Dataset content:

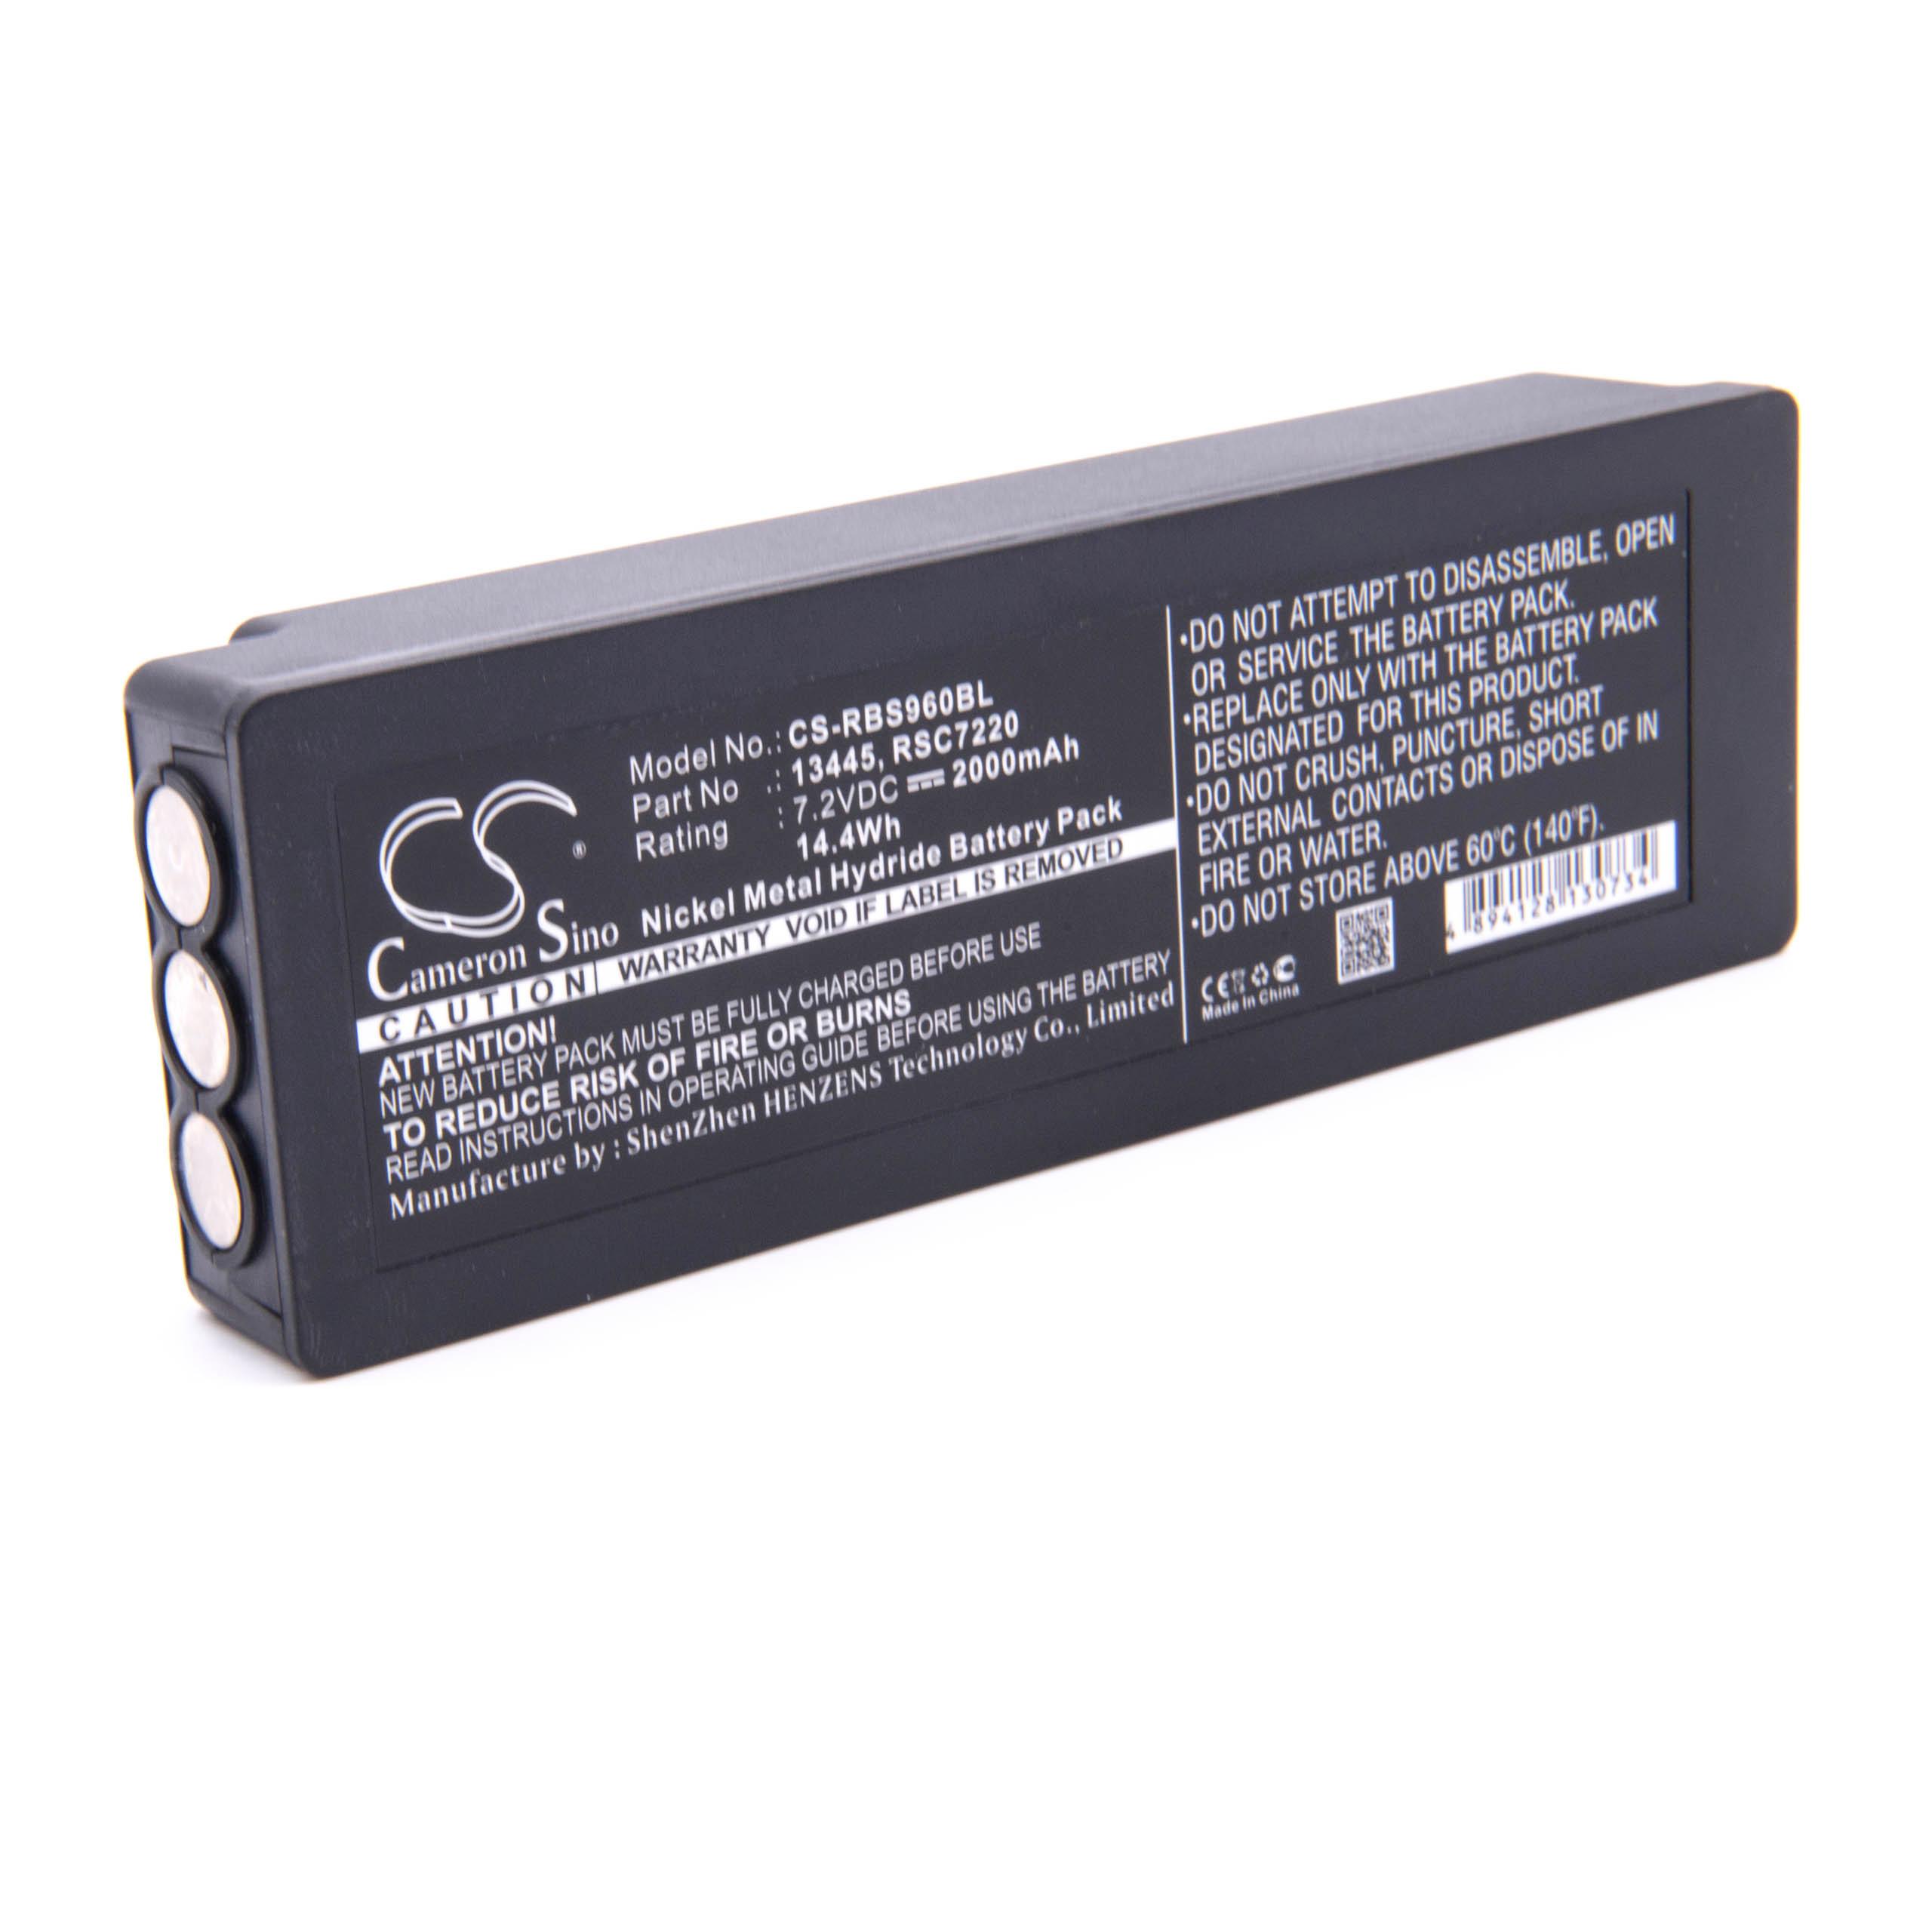 Industrial Remote Control Battery Replacement for Palfinger Scanreco 1026, 16131, 13445 - 2000mAh 7.2V NiMH
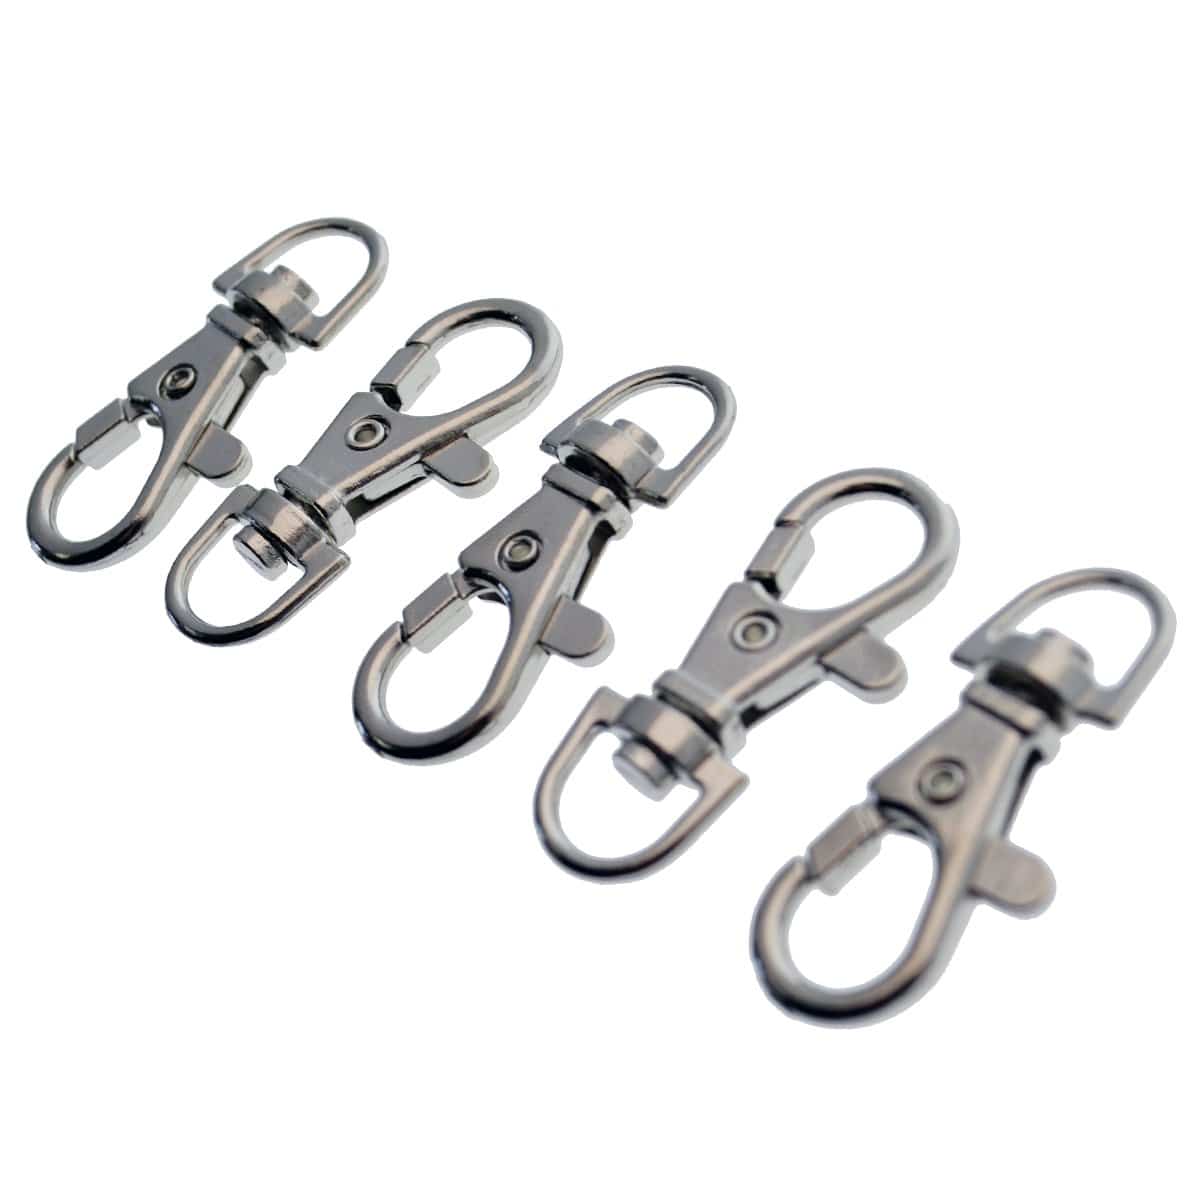 CRAFTMEMORE Lobster Claw Clasps Trigger Snap Hooks 1 1/4 x 1/2 Landyard  Swivel Clip 10 Pack HO1 (Silver)
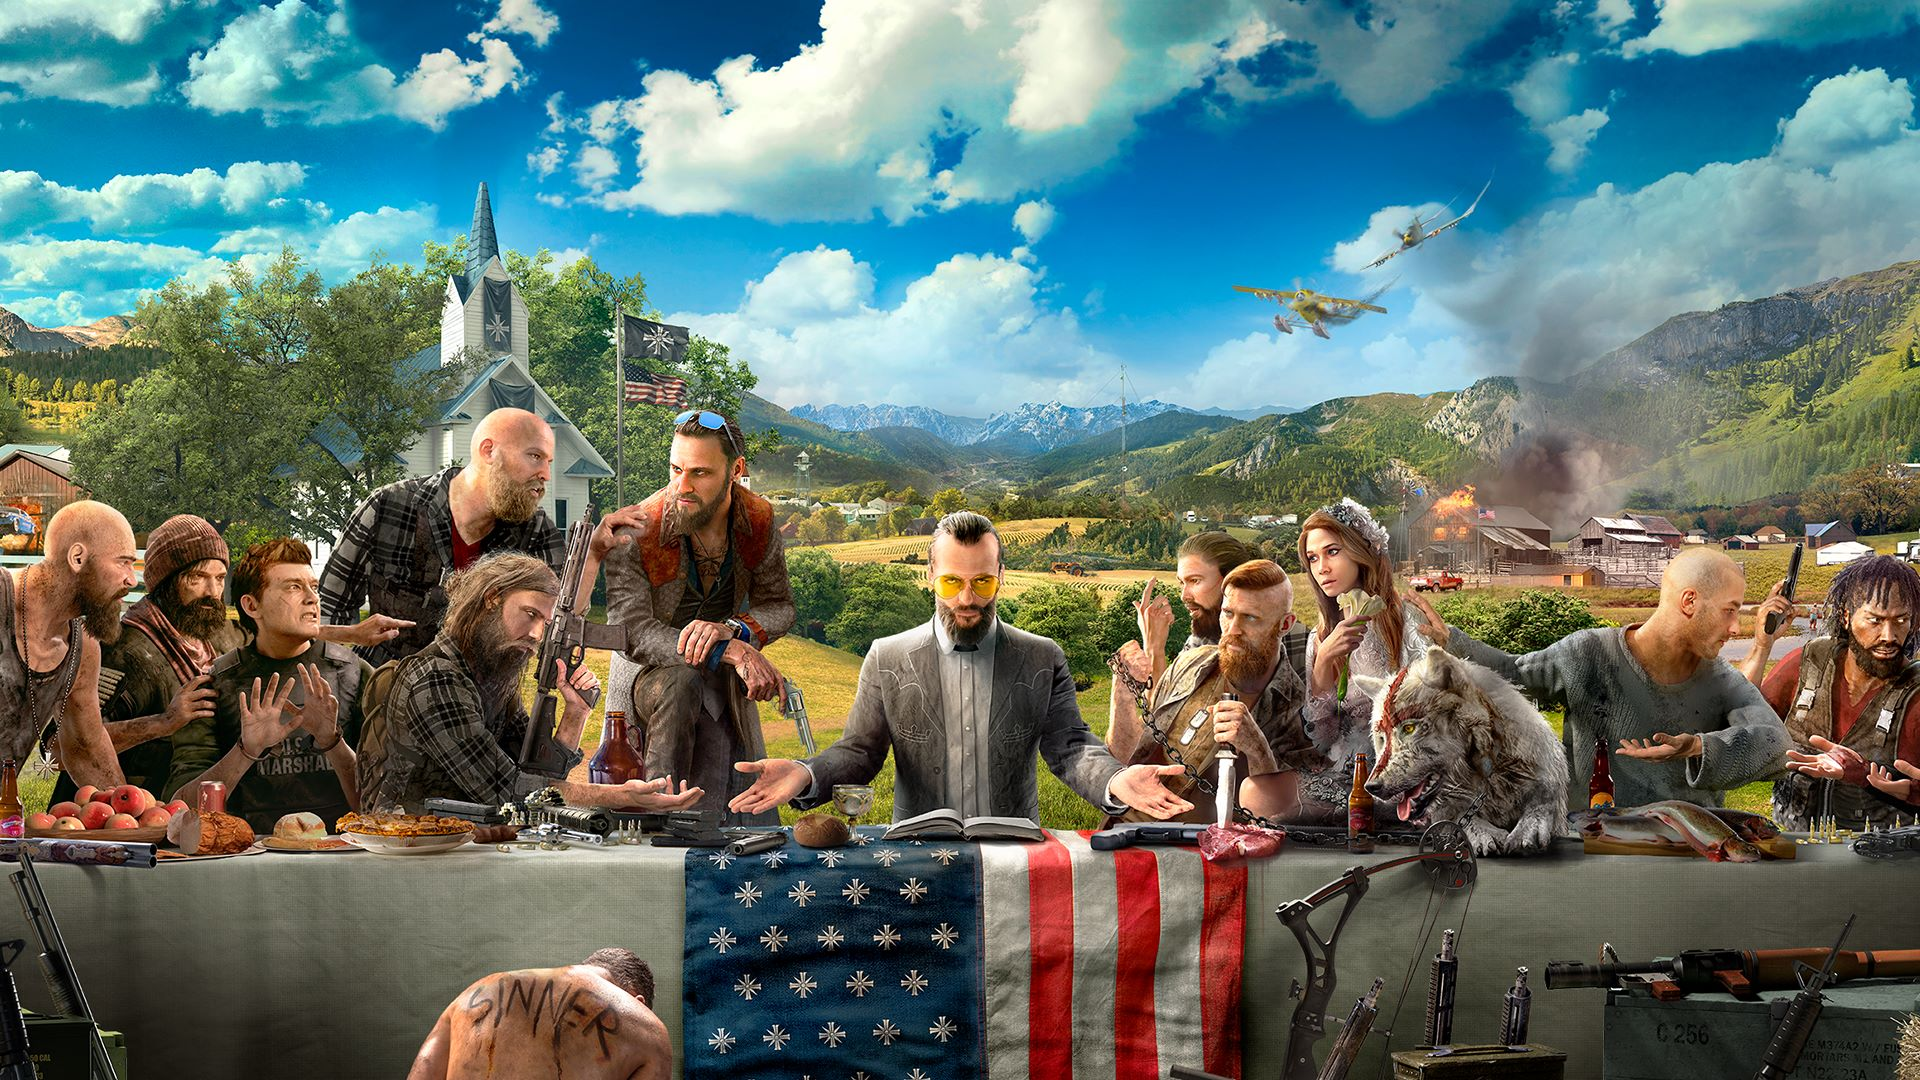 Far Cry 5 Gold Edition + Far Cry New Dawn Deluxe Edition Bundle Steam  Altergift

What is being asked:
The copy must start at the line containing "CRAFTMEMORE Lobster Claw" and end at the last line of the data, matching each line exactly. It must hold no pictures.

Task output:
 CRAFTMEMORE Lobster Claw Clasps Trigger Snap Hooks 1 1/4 x 1/2 Landyard  Swivel Clip 10 Pack HO1 (Silver)
 Far Cry 5 Gold Edition + Far Cry New Dawn Deluxe Edition Bundle Steam  Altergift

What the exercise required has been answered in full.